Mee left school at 14 to join a local newspaper, where he became an editor by age 20. He contributed many non-fiction articles to magazines and joined the staff of the Daily Mail in 1898. He was made literary editor five years later.

In 1903 he began working for publisher Alfred Harmsworth's Amalgamated Press. He was appointed general editor of The Harmsworth Self-Educator (1905–1907), in collaboration with John Hammerton.

In 1908 he began work on The Children's Encyclopædia, which came out as a fortnightly magazine. The series was published and bound in eight volumes soon afterwards, and later expanded to ten volumes. After the success of The Children's Encyclopædia, he started the first newspaper published for children, the weekly Children's Newspaper, which was published until 1965.

Mee also wrote London – Heart of the Empire and Wonder of the World, which became a very popular book.

Although he made money from these works, he did not receive a fair share.

He had a large house built overlooking the hills near Eynsford in Kent. Its development from design to the final building was depicted in later editions of The Children's Encyclopædia.
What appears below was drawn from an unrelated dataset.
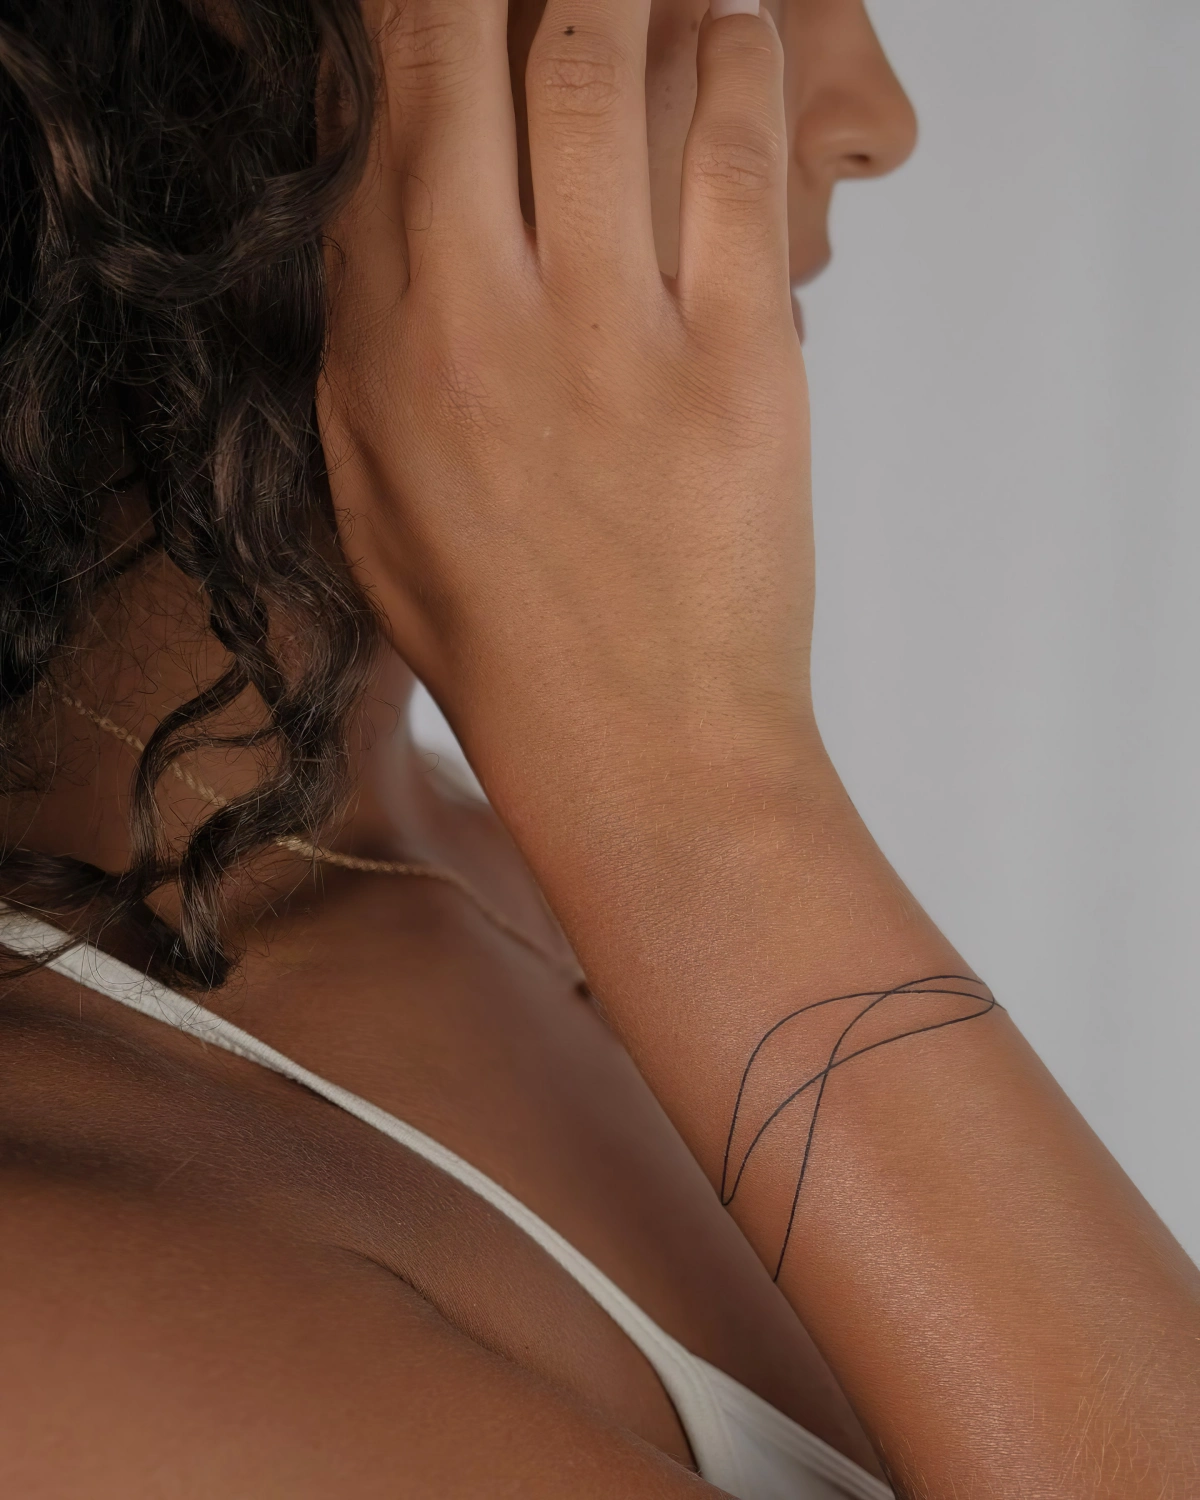 cheveux frises tatouage bracelet fin dessin peau minimaliste debardeur blanc

Mee had one child, but, despite his work, declared that he had no particular affinity with children. His works for them suggest that his interest was in trying to encourage the raising of a generation of patriotic and moral citizens. He came from a Baptist upbringing, and supported the temperance movement.

==Death and legacy==
He died in London aged 67. His books continued to be published after his death, most notably The King's England, a guide to the counties of England. Mee's works were successful abroad. The Children's Encyclopædia was translated into Chinese and sold well in the United States under the title The Book of Knowledge.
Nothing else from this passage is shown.